A prophage was recently shown to modify S. thermophilus fitness through lysogenic conversion (5). This was not the case for region 1, as the genes encoding the cell surface proteins present in this putative remnant prophage were not prevalent among HP strains. Similarly, we observed no potential-associated sequences in region 6, related to a putative PTS-fructose system in O. oeni. This region needs further study. Hence, fructose in combination with arginine was previously shown to trigger the expression of a subset of stress-responsive genes, such as arcR, omrR, and ftsH, while the cultivation of O. oeni in a fructose- and arginine-supplemented medium prior to wine exposure protected the bacteria from subsequent wine shock (4).

The acquisition of novel genes is proposed to be a strategy used by O. oeni to adapt to its environment. Our study raises additional questions about the mechanisms of transfer and the nature of the donors. An examination of region 4 provides some interesting clues. The locus is flanked by IS30 elements, suggesting a transfer through transposition. Members of this IS family have been widely transferred among LAB, where they are linked to genes involved in cold-shock adaptation, bacteriocin production, sugar utilization, and antibiotic resistance. It has, therefore, been suggested that IS30-related elements play a role in LAB genome plasticity and environmental adaptation (30, 32). While it is likely that this 7-kb locus is acquired, it is difficult to assess the relevancy of proposed donors, as the genes detected for potential horizontal transfer have generally undergone amelioration. Accordingly, the different structures observed in the PSU-1 and IOEB Sarco 1491 strains may be indicators of this type of rapid amelioration in the O. oeni species. As BBH were found for some sequences in Lactobacillus plantarum, frequently isolated from wine environments, this LAB is a candidate donor. Both species share physical as well as phylogenetic proximity, considered to influence lateral transfers. The locus is not flanked by IS elements in L. plantarum WFSC1. On the other hand, Molenaar and coworkers (28) did not identify this locus as a region of flexibility during exploration of L. plantarum genome diversity. However, the microarrays used only tested 81% of the total number of bases in the WCFS1 isolate. One alternative hypothesis is that O. oeni and L. plantarum are both recent recipients from an unknown donor. We observed that the BBH of 19 other SH sequences (singlets) were also associated with LAB present in the environment of O. oeni (lactobacilli and L. mesenteroides). The availability of complete genomic sequences will soon provide the opportunity to measure and compare the amount of laterally transferred sequences between O. oeni and the other bacteria found in the complex ecosystems present in must and wines.

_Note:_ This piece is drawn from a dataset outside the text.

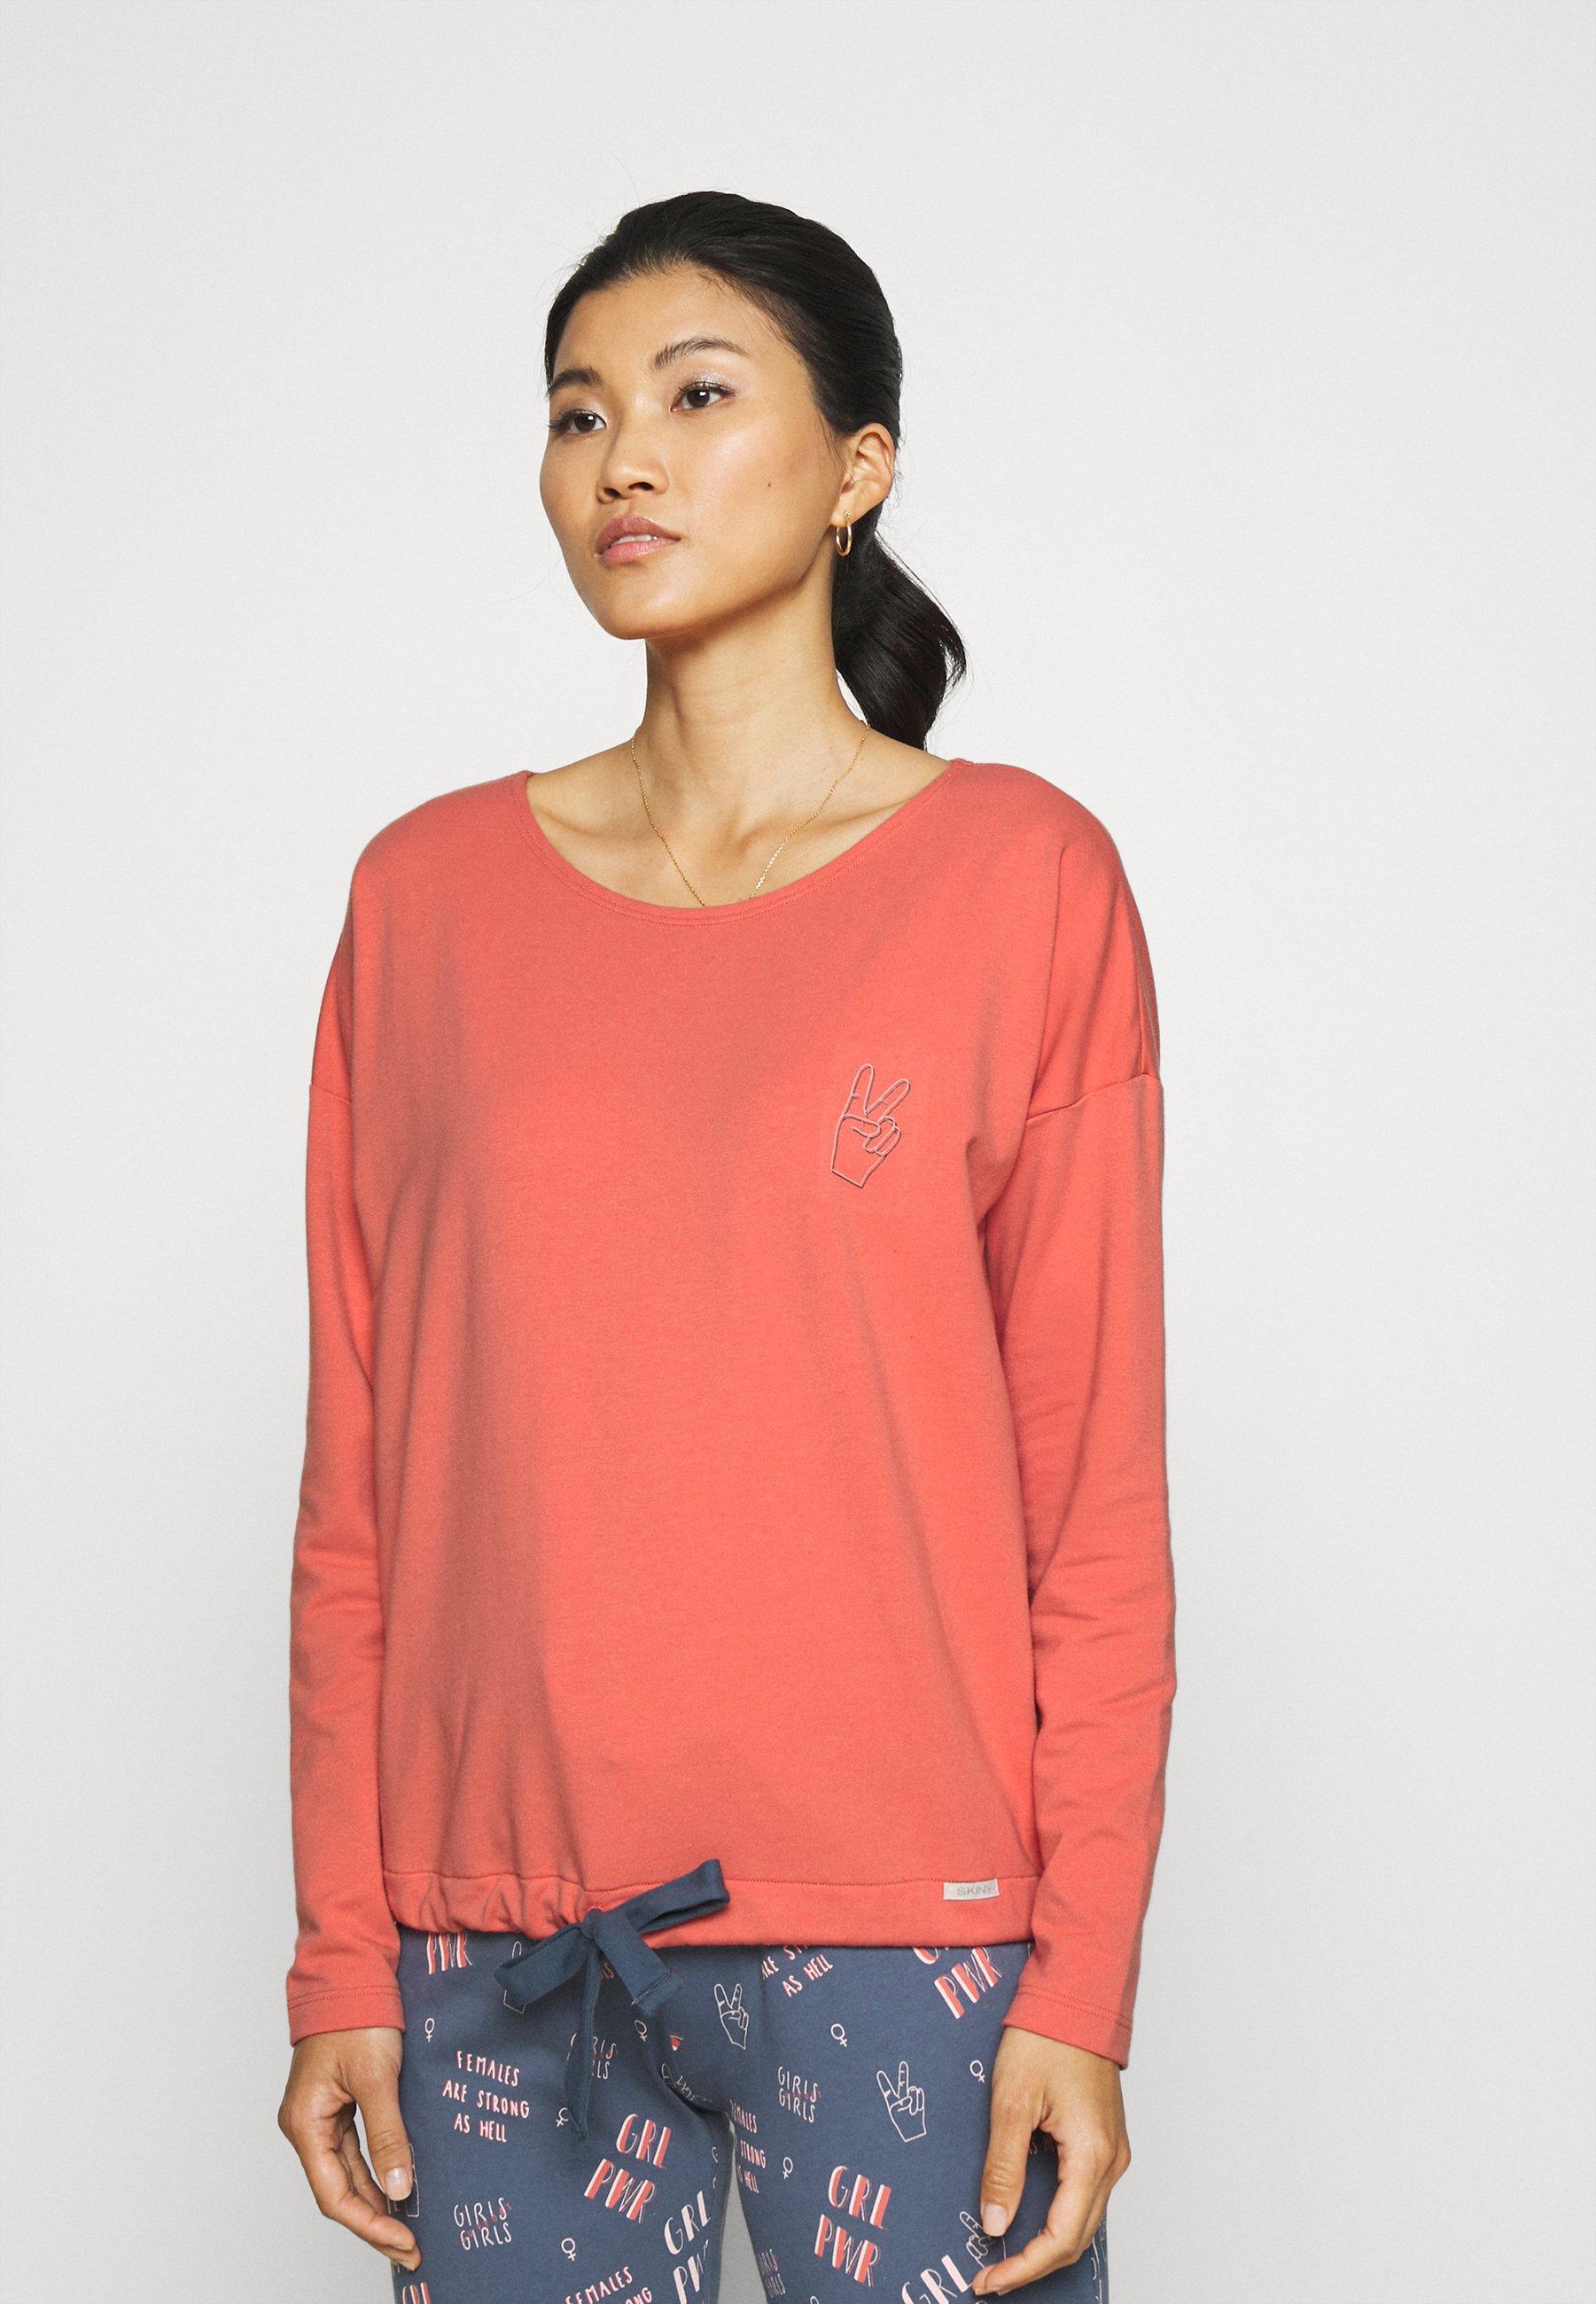 Damen DAMEN LANGARM - Nachtwäsche Shirt

This work provided some evidence for an association between the presence of particular sequences and the enological potential. However, it should be noted that O. oeni is present on the surface of grape berries. We cannot rule out that some of the subtracted sequences in this study may be relevant for the survival of O. oeni in a plant-associated environment. For example, divergence in the sequences harbored in region 3 may modulate the synthesis and/or structure of extracellular compounds, resulting in variations in surface interactions and, possibly, the ability to persist in the niche.